I know that for $x>0$, one can quite easily prove that
$$\frac{1}{x}\le\frac{1}{\log{x}},$$
which follows from the trivial identity that $x\le e^x\iff \log x\le x\iff\frac{1}{\log x}\ge\frac{1}{x}$,
but what about the inequality in the title:
$$x\le\frac{1}{\log x}$$
On
$x\le e^x\iff \log x\le x\not \iff\frac{1}{\log x}\ge\frac{1}{x}$ (NOT true for negative values of $\log x$).

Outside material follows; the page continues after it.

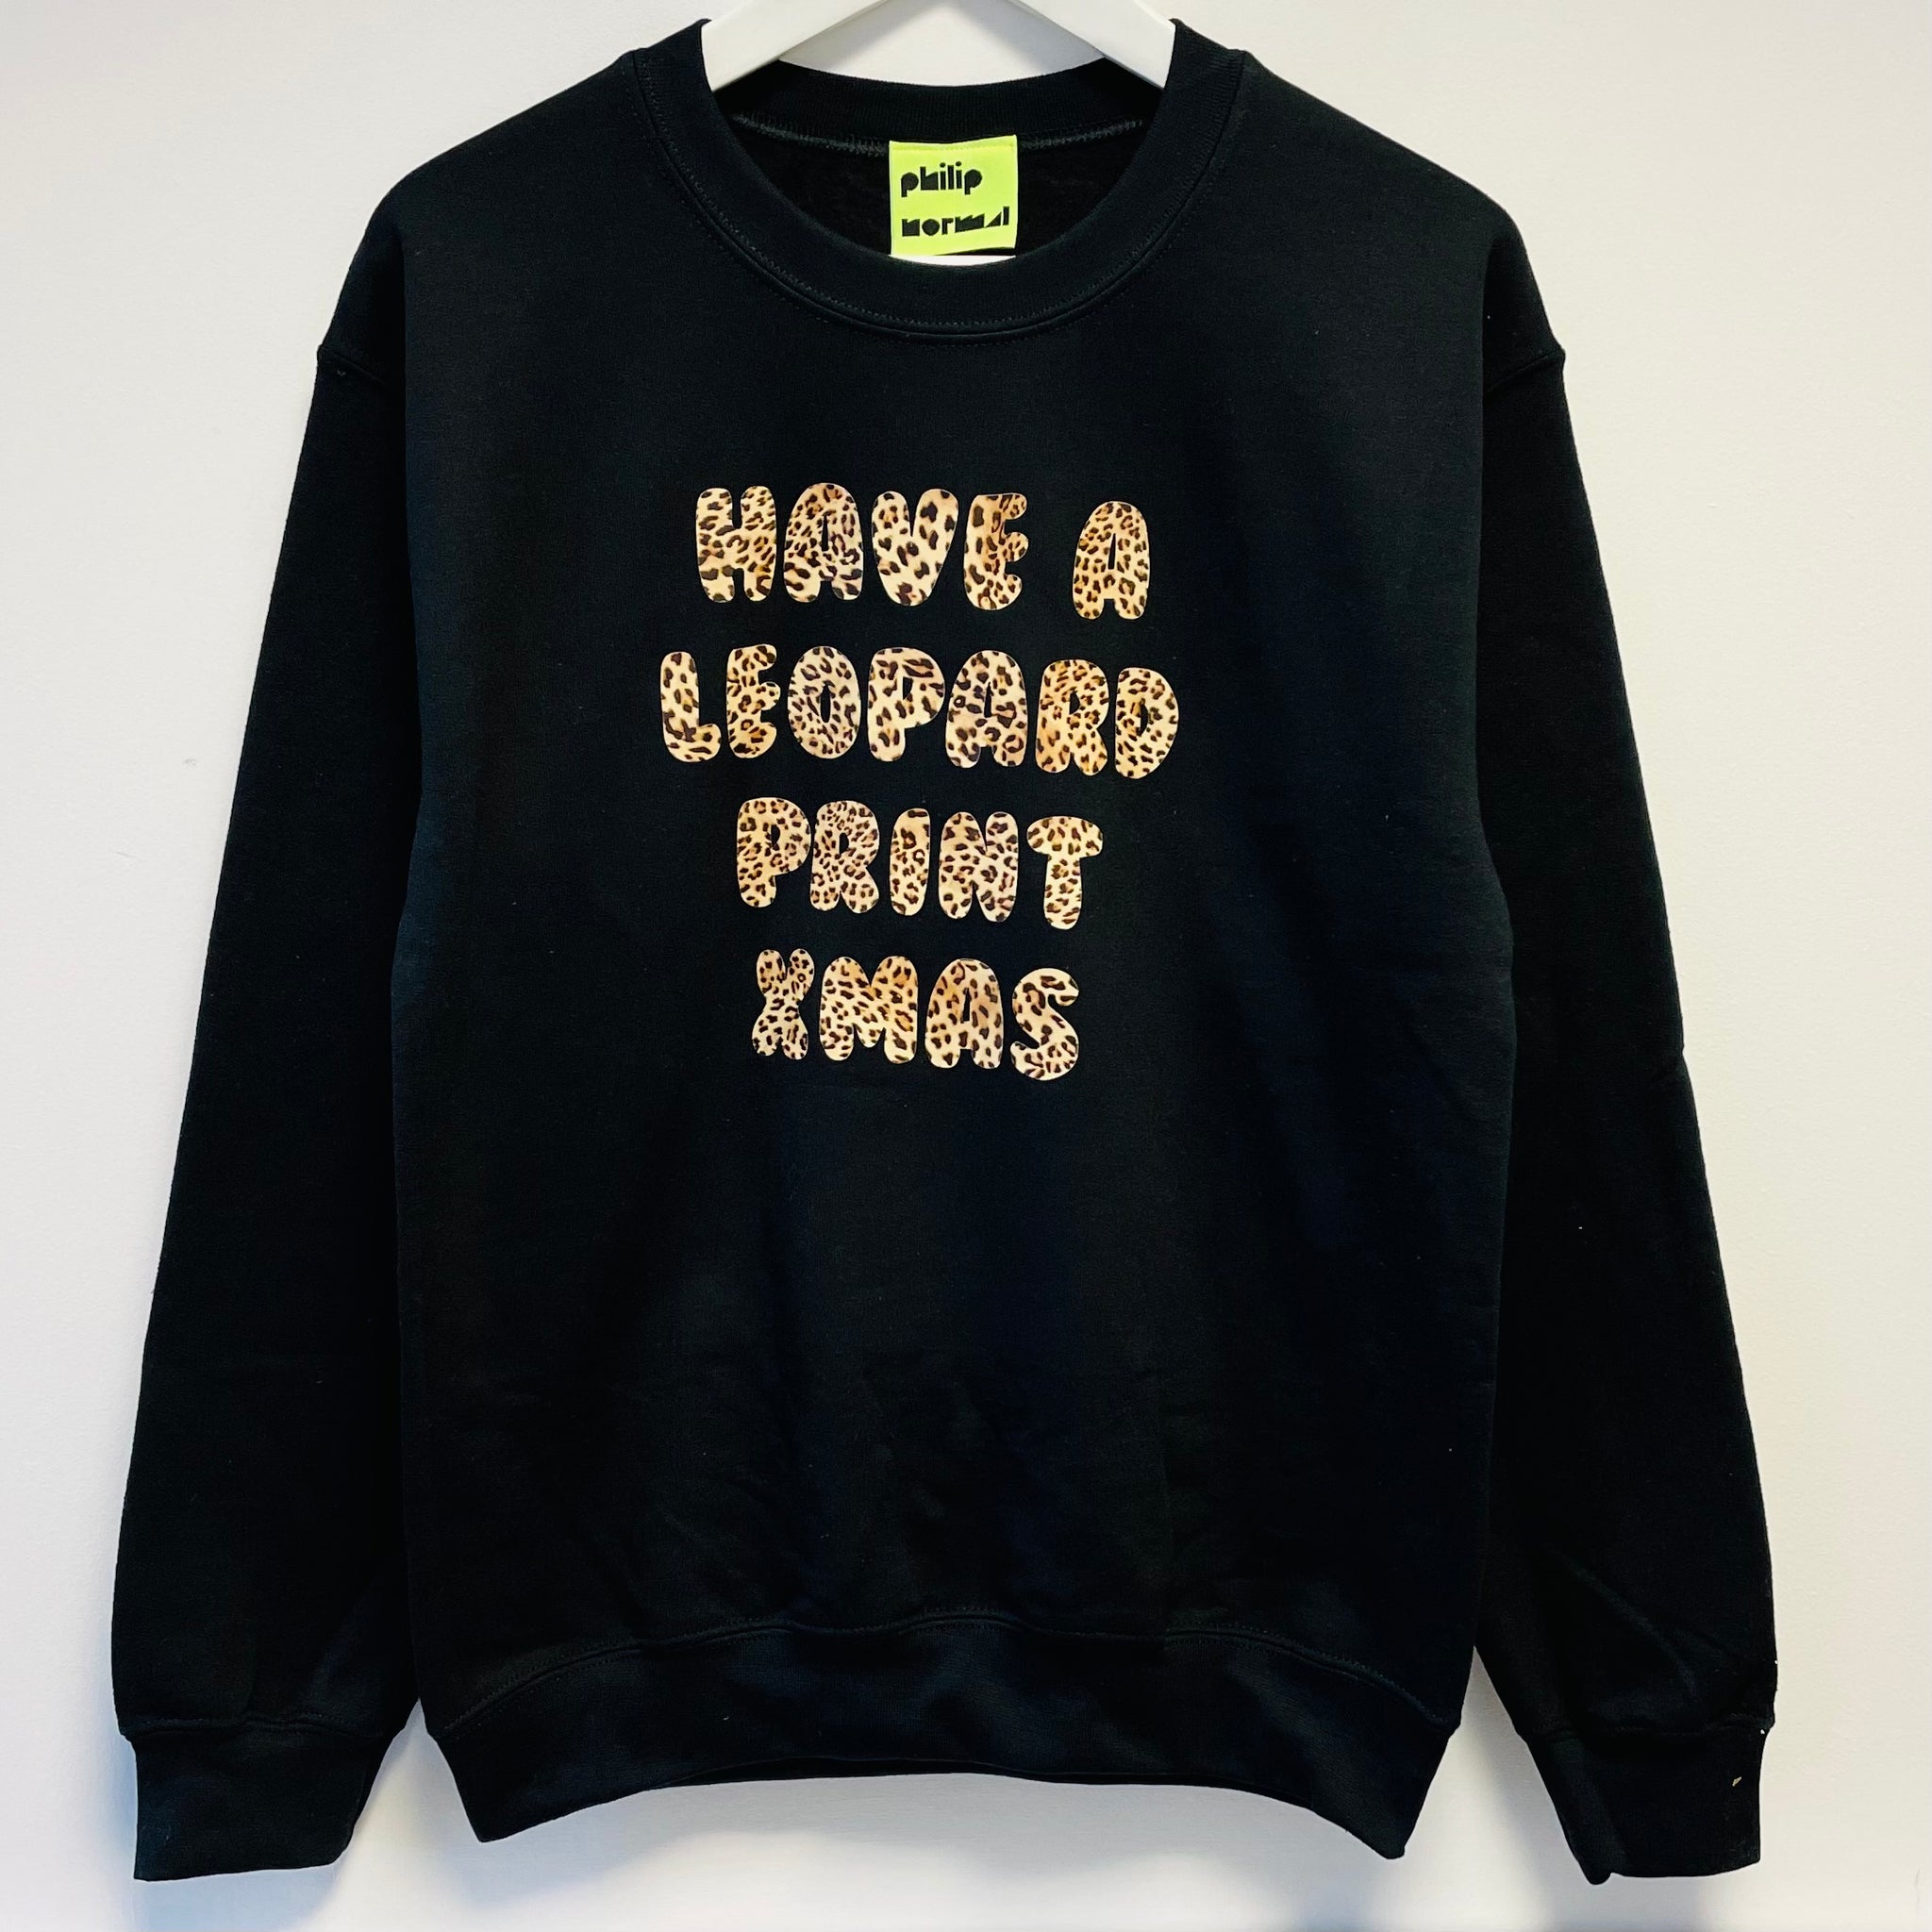 Have A Leopard Print Xmas Sweatshirt hi

If $\log x < 0 < x$ then $\frac 1{\log x} < \frac 1x$. So $\frac 1{\log x} \le \frac 1{\log x}$ is not true if $x < 1$. But it is true from $x \ge 1$.
And for $x \ge 1$, in order to have $\log x \le x \le \frac 1{\log x}$ we must have $\log x \le \frac 1{\log x}$ which for non-negative $\log x\ge 0$ would mean $\log x \le 1$ and $x \le e$. So for $1\le x \le e$ we have $\frac \log x \le x \le \frac 1{\log x}$ but for $x > e$ we have $\frac 1x \le \frac 1{\log x} < 1 < \log x < x$.

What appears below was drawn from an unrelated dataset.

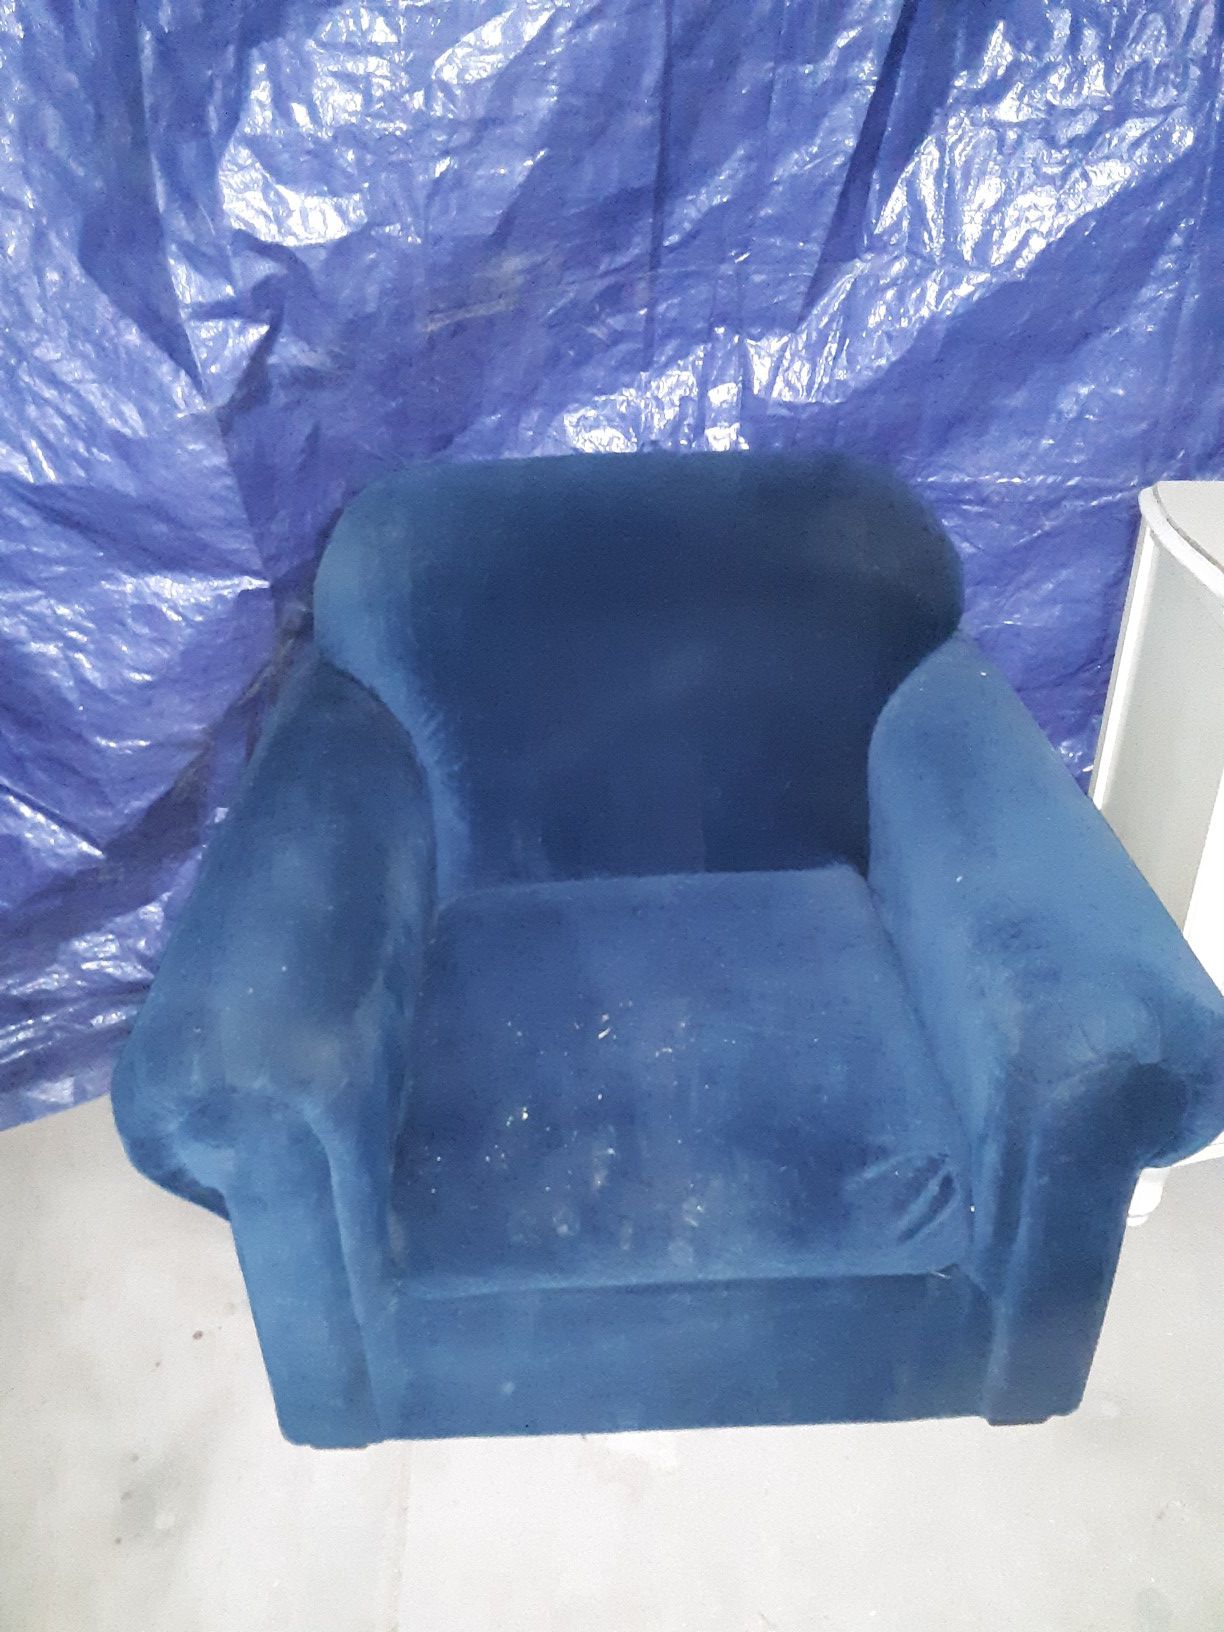 Blue sofa chair

As for $x < 1$ when we have $\log x < 0$ we have $\frac 1{\log x} < 0 < \frac 1x$. If $\frac 1e \le x \le 1$ then we have $\frac 1{\log x} \le -1 \le \log x < 0<\frac 1e \le x < 1 < e \le \frac 1x$.

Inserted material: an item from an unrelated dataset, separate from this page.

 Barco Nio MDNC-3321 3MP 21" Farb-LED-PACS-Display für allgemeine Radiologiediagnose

If $0 < x < \frac 1e$ we have $\log x < -1 < \frac 1{\log x} < 0 < x < \frac 1e < 1 < e < \frac 1x$.
You can try to find the domain on which your inequality holds. For sure we have to require $x>1$, since for $x\leq 1$ we have $\log x\leq 0$.
Then since $x$ is increasing and $1/\log x$ is decreasing for $x>1$, the equality will holds true for $x\in (1,x_\star)$, where $x_\star$ is the only point such that $$x_\star = \frac{1}{\log x_\star}\,.$$
The exact value od $x_\star$ can be found numerically and it's $x_\star = 1.76322\dots$
You can try to find analytic lower bounds for $x_\star$. For instance you know that for $x>1$, $\frac{1}{x-1}\leq \frac{1}{\log x}$ so that $x_\star<x_0$, where $x_0 = \frac{1}{x_0-1}$, i.e. $x_0 = \frac{1}{2}(1+\sqrt{5})=1.61803\dots$. From here you clearly have a rougher bound $$x_\star > x_0=\frac{1}{2}(1+\sqrt{5})>\frac{1}{2}(1+2)=\frac{3}{2}=1.5\,.$$
On the other hand, you have that $x>1+\log x$, so an upper bound for $x_\star$ is the point $x_1$ such that $1+\log x_1=\frac{1}{\log x_1}$. You can find $x_1 = e^{\frac{1}{2}(\sqrt{5}-1)}=1.85528\dots$ As before a less tight but simpler bound can be derived. $$x_\star < x_1=e^{\frac{1}{2}(\sqrt{5}-1)}<e\,.$$